### Task goal
Retype only what runs from the beginning of the data through the line with "Easy Crossword Puzzles"; please omit the pictures and keep every line exact.

### Record extracts
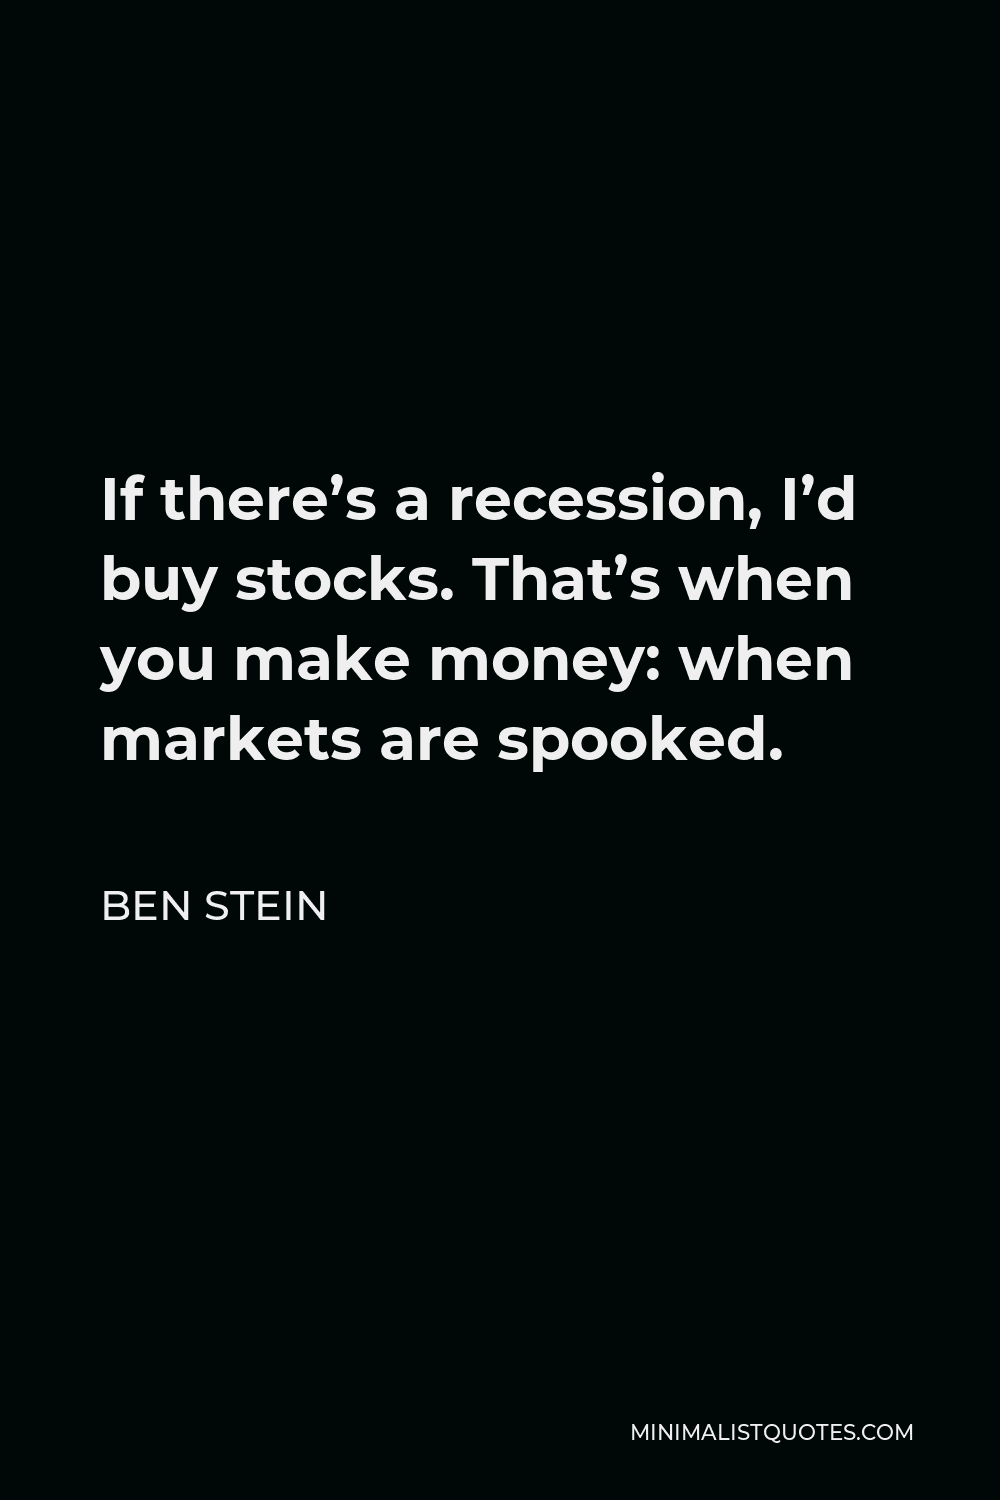 Ben Stein Quote - If there’s a recession, I’d buy stocks. That’s when you make money: when markets are spooked.
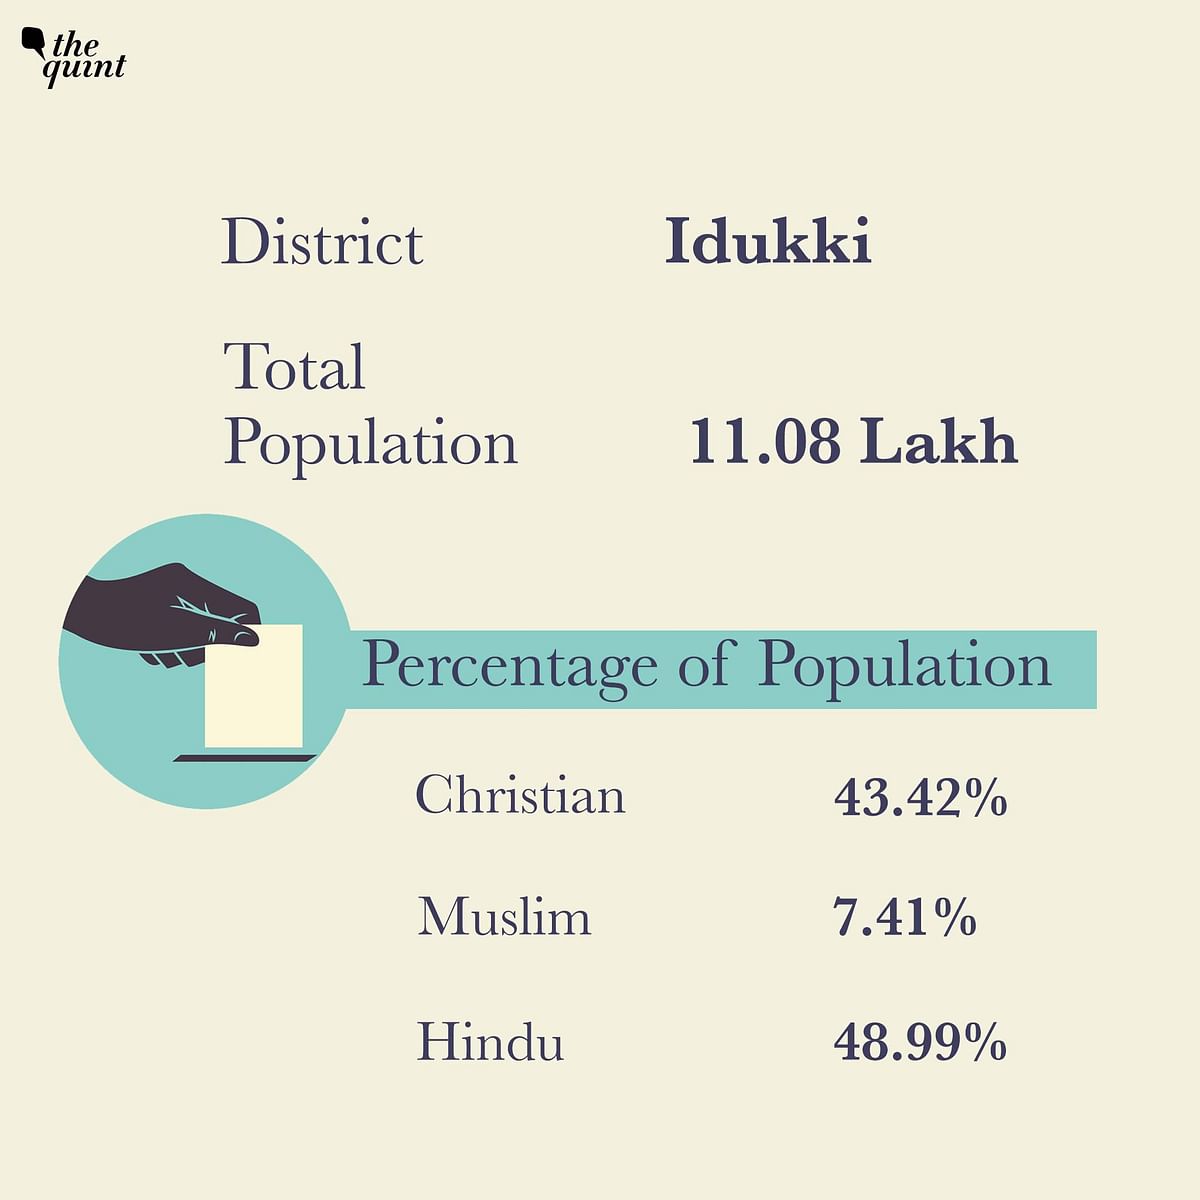 Christians form 43.42 per cent of the population in Idukki district.
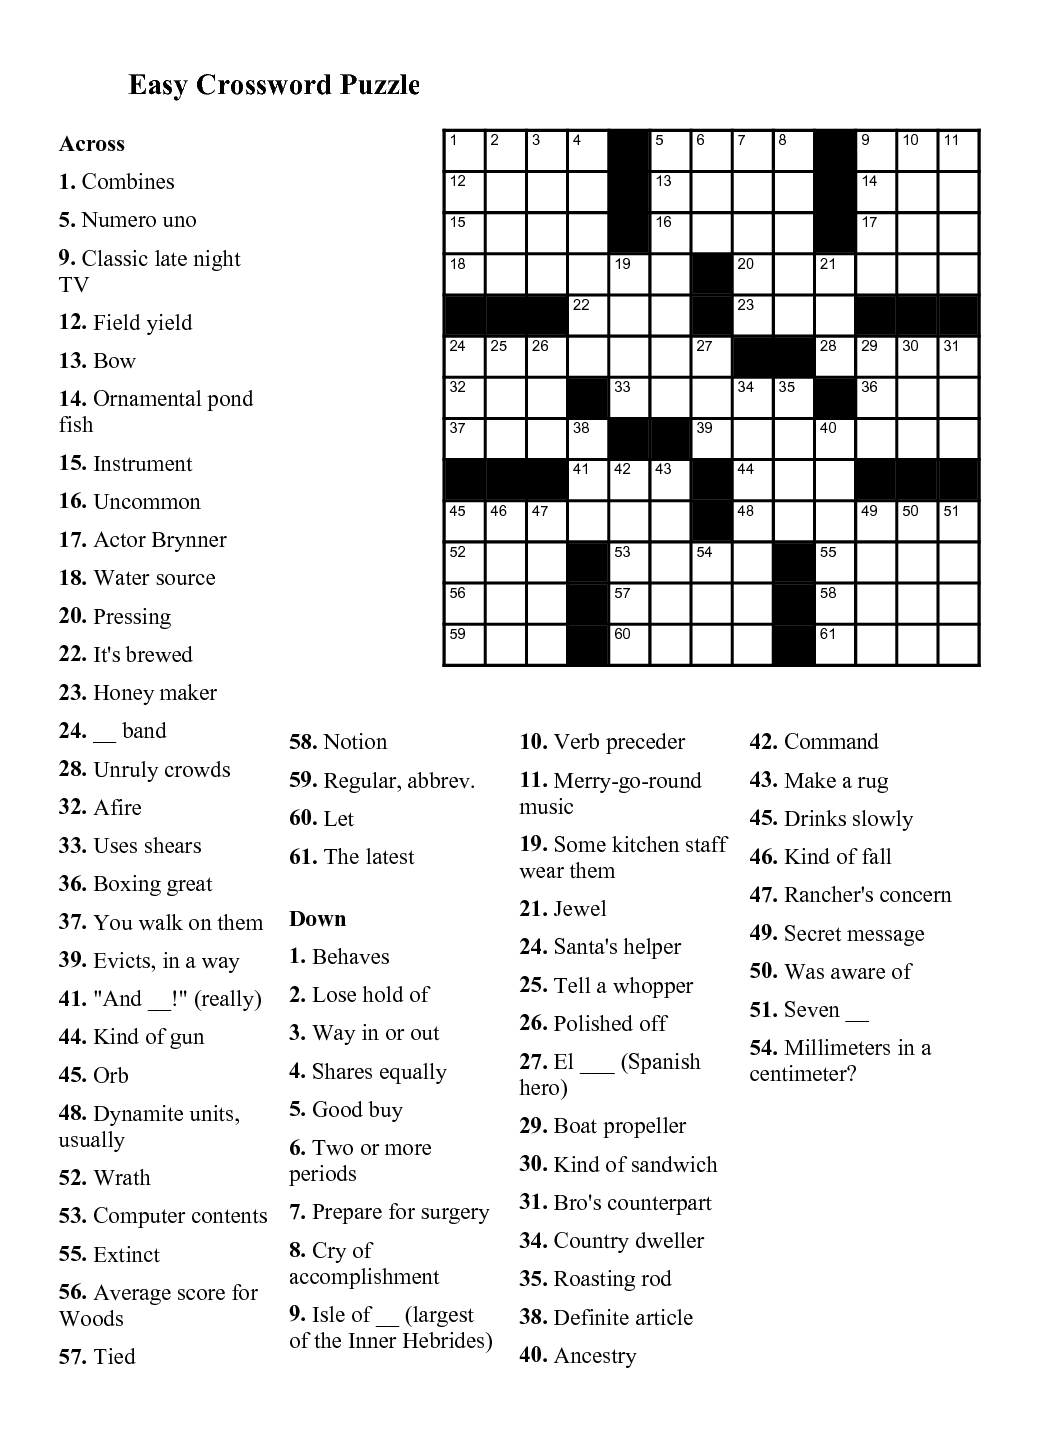 Easy Crossword Puzzles Printable Daily Template - Free Crossword Puzzles Printable Easy
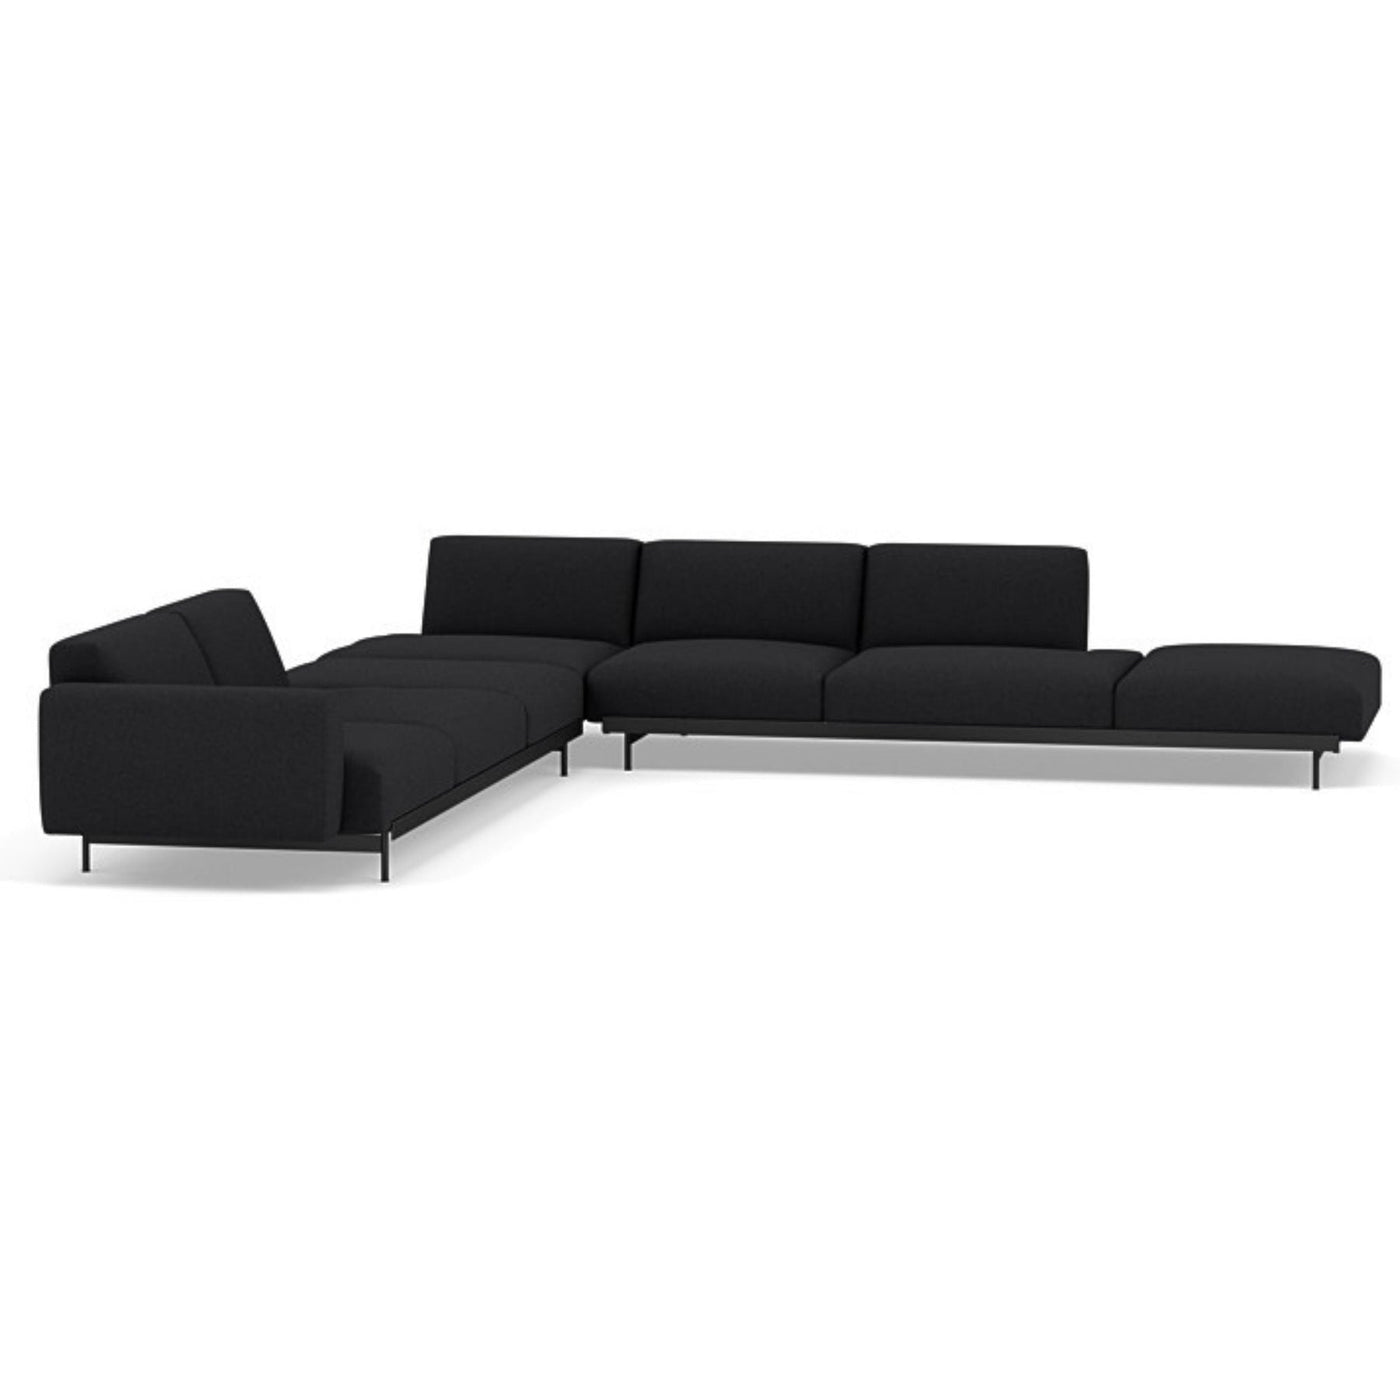 Muuto In Situ corner sofa, configuration 9. Made to order from someday designs. #colour_divina-md-193
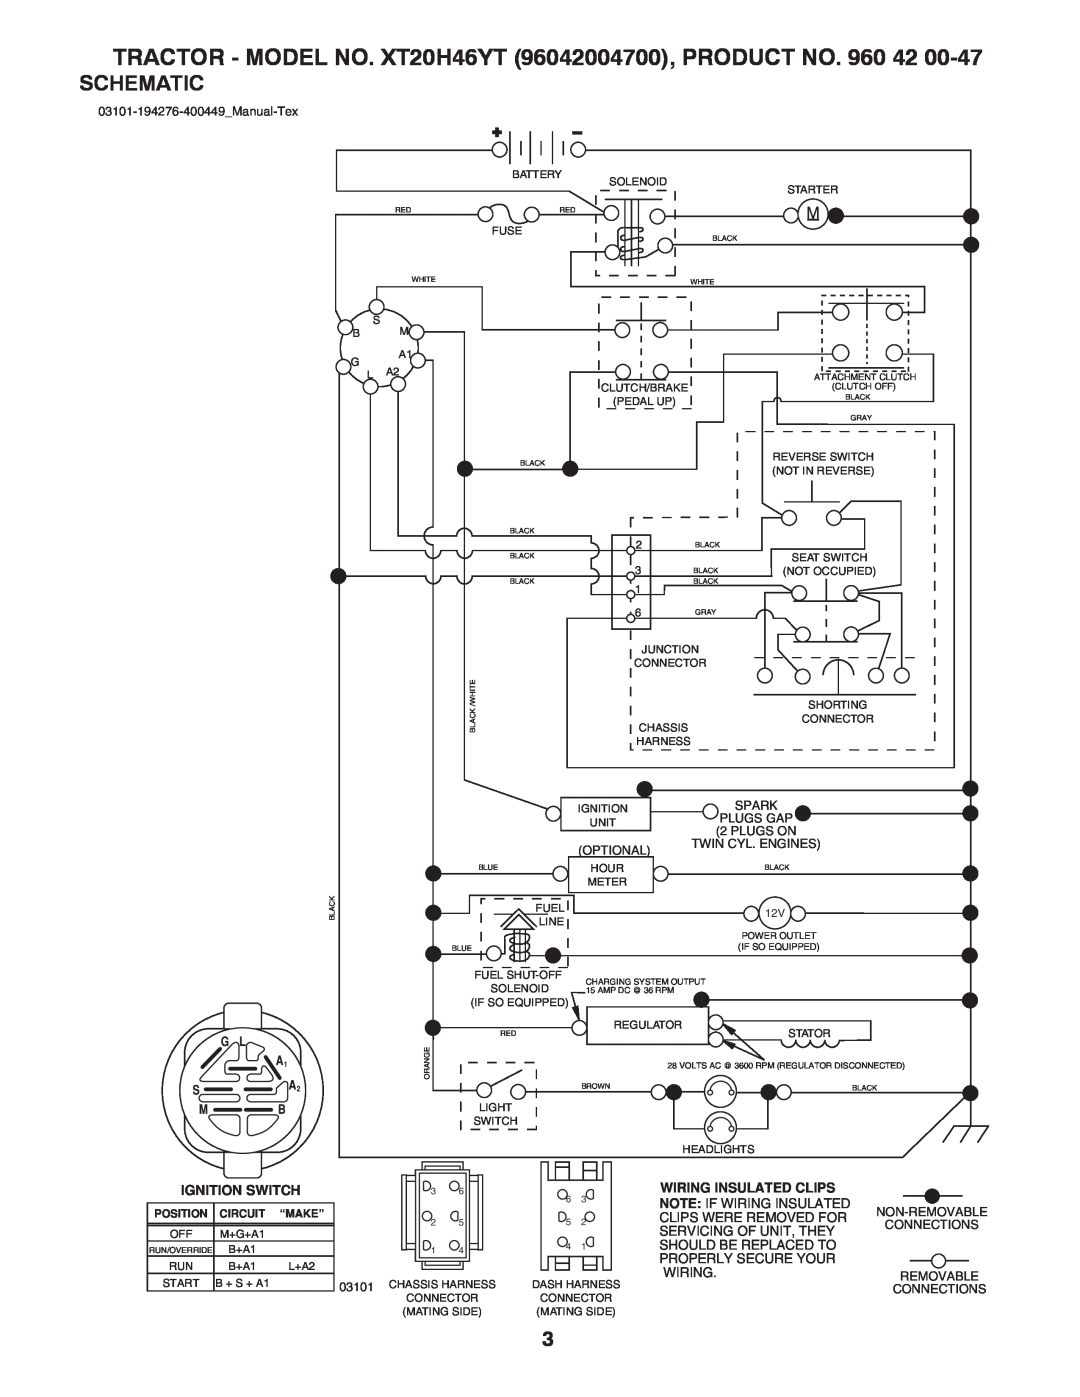 Poulan 412413 manual Schematic, TRACTOR - MODEL NO. XT20H46YT 96042004700, PRODUCT NO, Optional

### Response
 Ben Stein Quote - If there’s a recession, I’d buy stocks. That’s when you make money: when markets are spooked.
 Christians form 43.42 per cent of the population in Idukki district.
 Easy Crossword Puzzles Printable Daily Template - Free Crossword Puzzles Printable Easy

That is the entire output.